Here is the output of /ip ipsec active-peers print
peers.png
# aug/23/2021 14:27:20 by RouterOS 6.48.3
# software id = NO-NO
#
# model = RB4011iGS+
# serial number = F0270EAC96D5
/interface ethernet
set [ find default-name=ether2 ] disabled=yes
set [ find default-name=ether3 ] disabled=yes
set [ find default-name=ether4 ] disabled=yes
set [ find default-name=ether5 ] disabled=yes
set [ find default-name=ether6 ] disabled=yes
set [ find default-name=ether7 ] disabled=yes
set [ find default-name=ether8 ] disabled=yes
set [ find default-name=ether9 ] disabled=yes
set [ find default-name=ether10 ] disabled=yes
/interface pppoe-client
add add-default-route=yes disabled=no interface=ether1 name=pppoe-out user=\
    mccloud1@windstream.net
/interface vlan
add interface=sfp-sfpplus1 name="Guest Wifi" vlan-id=200
add interface=sfp-sfpplus1 name=IoT vlan-id=10
add interface=sfp-sfpplus1 name=VMs vlan-id=20
add interface=sfp-sfpplus1 name=Wifi vlan-id=7
/interface ethernet switch port
set 0 default-vlan-id=0
set 1 default-vlan-id=0
set 2 default-vlan-id=0
set 3 default-vlan-id=0
set 4 default-vlan-id=0
set 10 default-vlan-id=0
/interface list
add name=WAN
add name=LAN
/ip dhcp-server option
add code=42 name=NTPVMs value="'172.16.20.1'"

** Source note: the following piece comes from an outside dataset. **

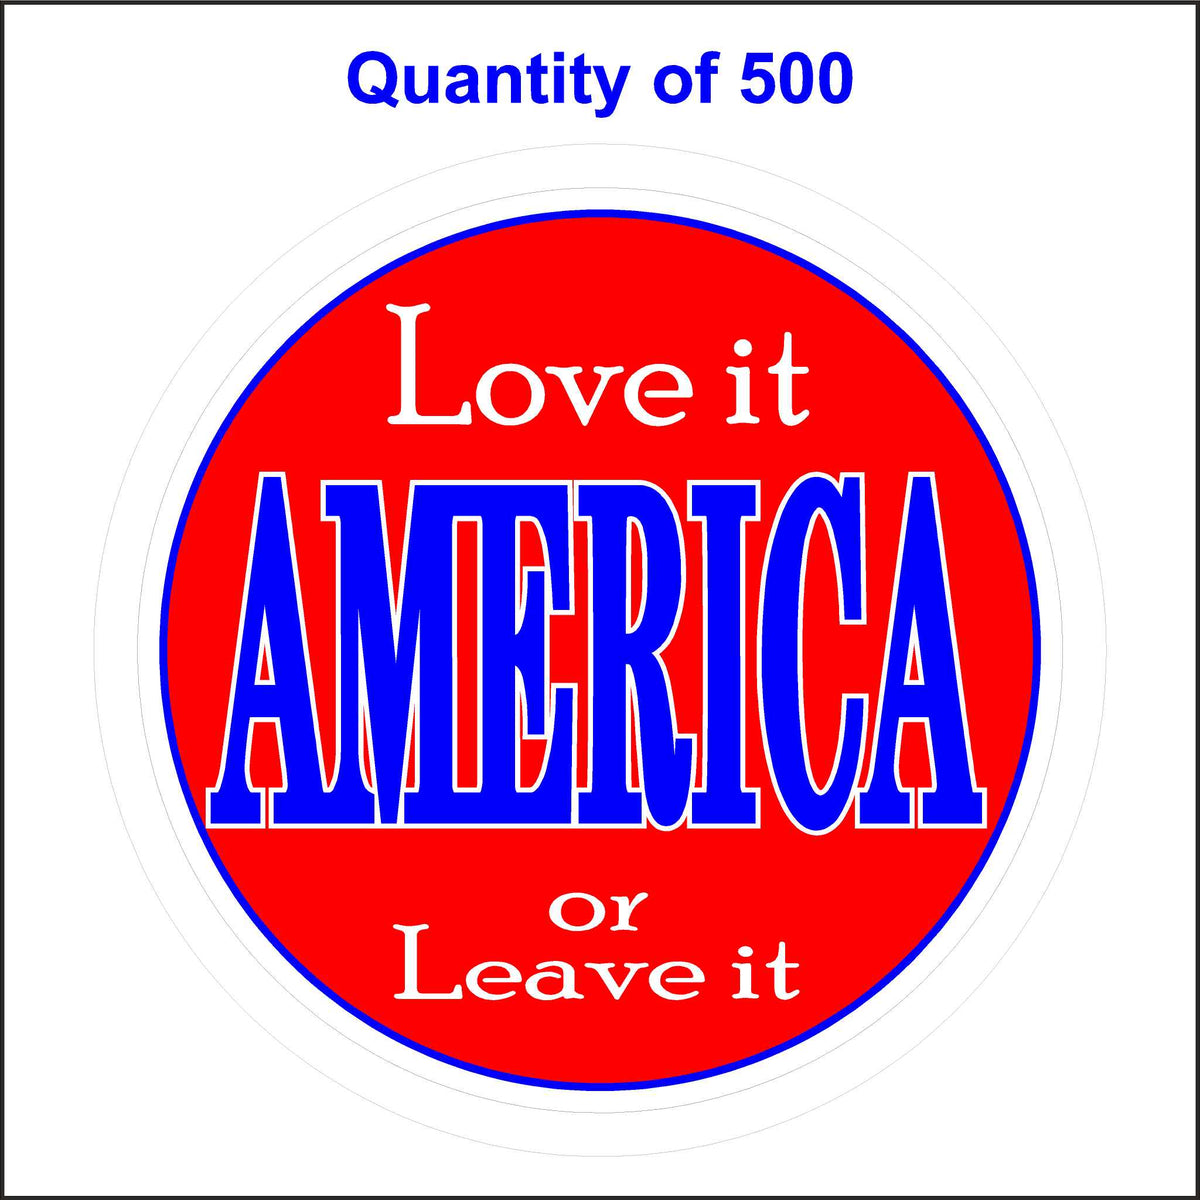 America Love It or Leave It Patriotic Sticker. 500 Quantity.

add code=42 name=NTPLAN value="'172.16.6.1'"
add code=42 name=NTPIoT value="'172.16.10.1'"
add code=42 name=NTPWifi value="'172.16.7.1'"
add code=42 name="NTPGuest Wifi" value="'172.16.200.1'"
/ip dhcp-server option sets
add name=Wifi options=NTPWifi
add name=LAN options=NTPLAN
add name=VMs options=NTPVMs
add name="Guest Wifi" options="NTPGuest Wifi"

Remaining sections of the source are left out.